----- Records for the task

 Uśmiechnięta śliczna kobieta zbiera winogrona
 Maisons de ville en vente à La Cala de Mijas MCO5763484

----------
----- Records for the task

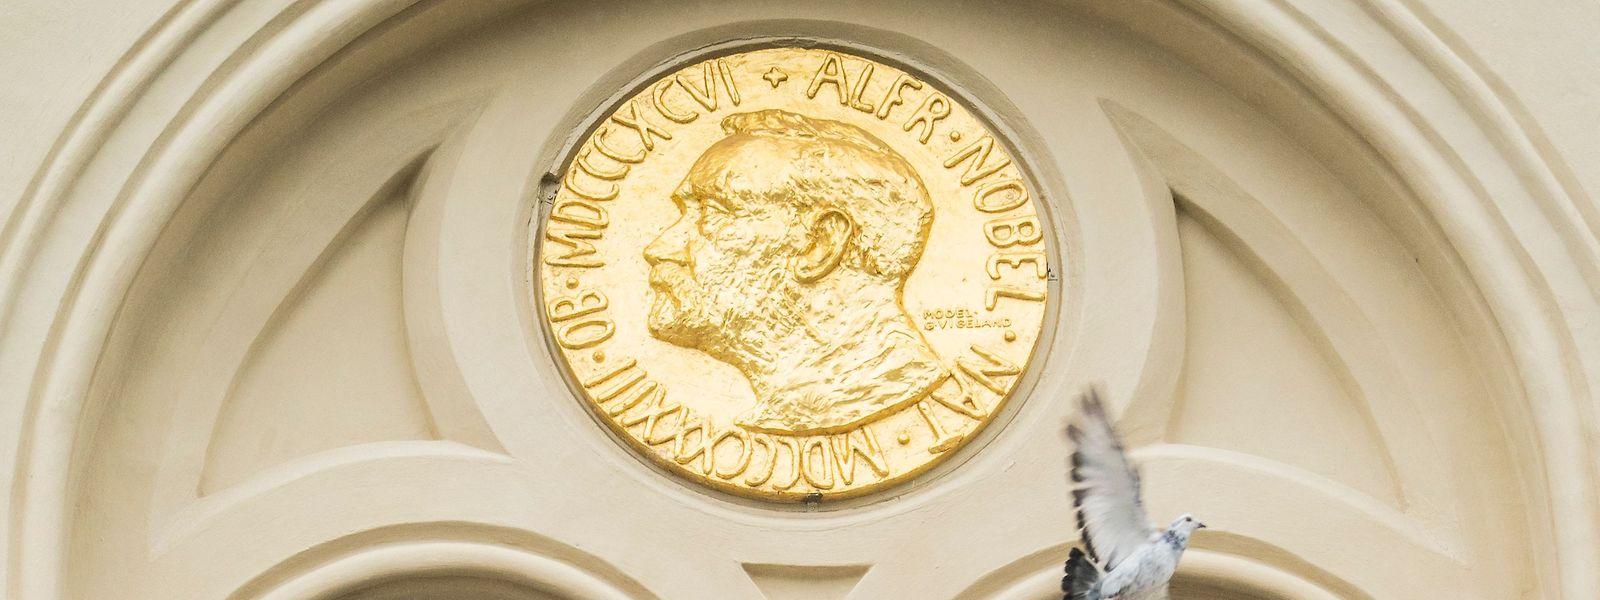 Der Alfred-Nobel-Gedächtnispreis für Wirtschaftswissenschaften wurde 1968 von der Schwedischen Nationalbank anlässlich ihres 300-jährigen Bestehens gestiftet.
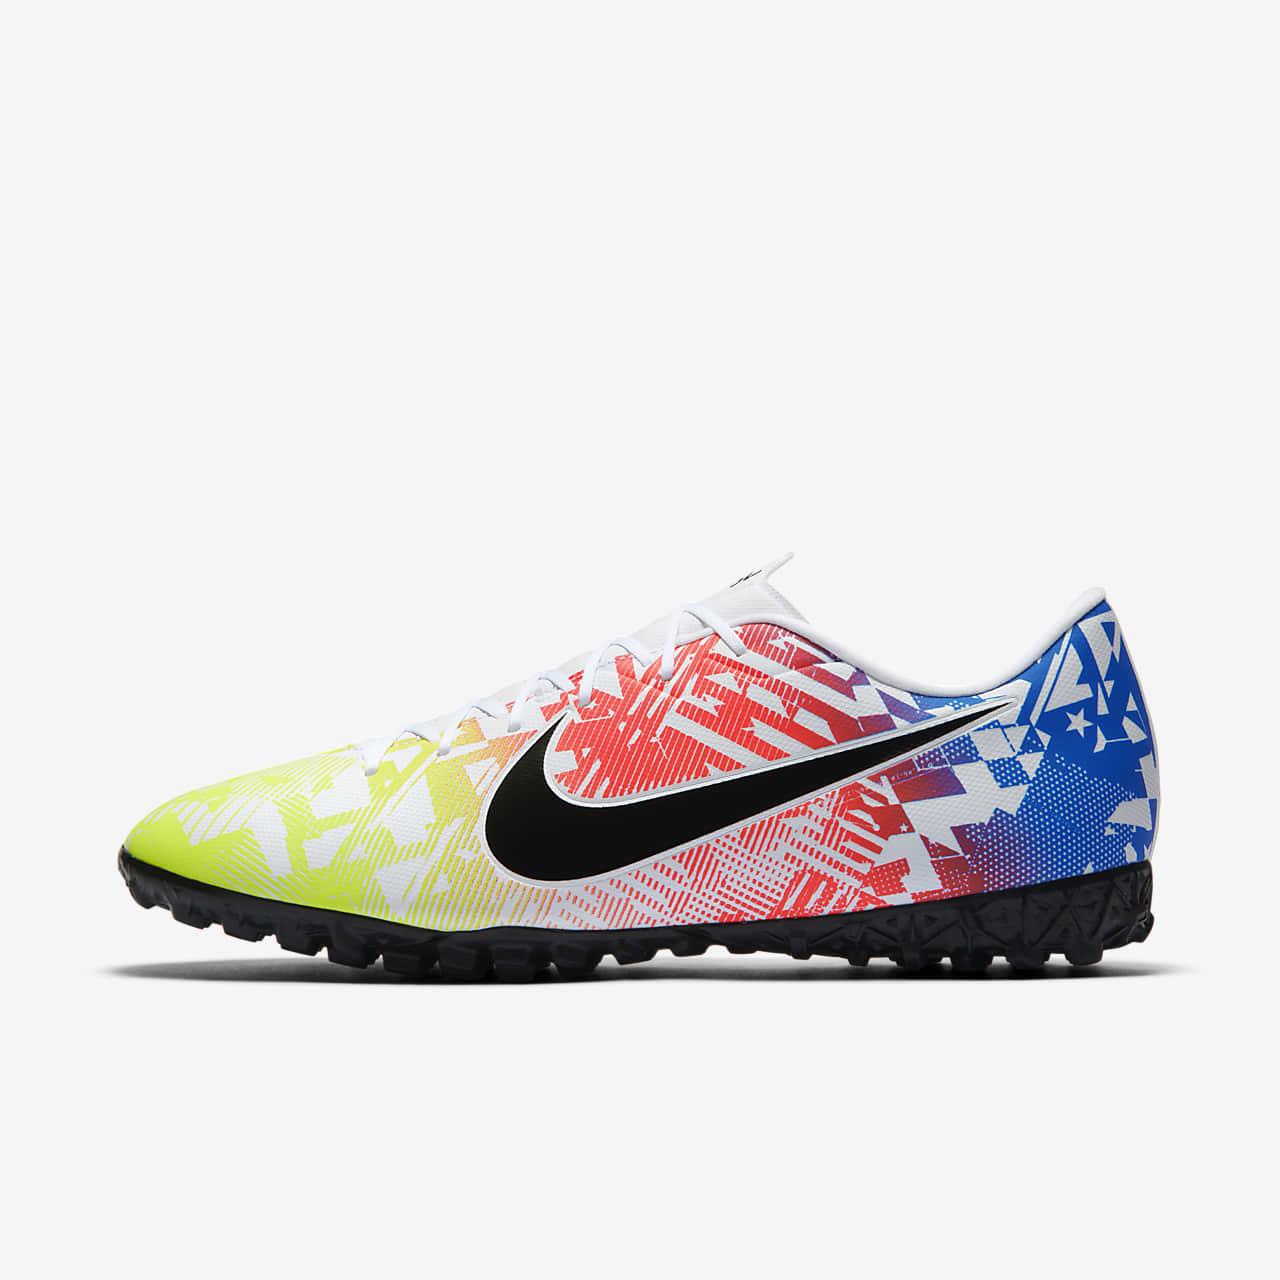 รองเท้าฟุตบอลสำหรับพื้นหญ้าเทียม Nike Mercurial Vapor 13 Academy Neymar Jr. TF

----------

**What the task asks:** Exactly the lines above from the one that contains "Der Alfred-Nobel-Gedächtnispreis für" down to the one that contains "รองเท้าฟุตบอลสำหรับพื้นหญ้าเทียม Nike Mercurial" are to be output, both ends kept and pictures omitted.

**Solution for this problem:**
 Der Alfred-Nobel-Gedächtnispreis für Wirtschaftswissenschaften wurde 1968 von der Schwedischen Nationalbank anlässlich ihres 300-jährigen Bestehens gestiftet.
 รองเท้าฟุตบอลสำหรับพื้นหญ้าเทียม Nike Mercurial Vapor 13 Academy Neymar Jr. TF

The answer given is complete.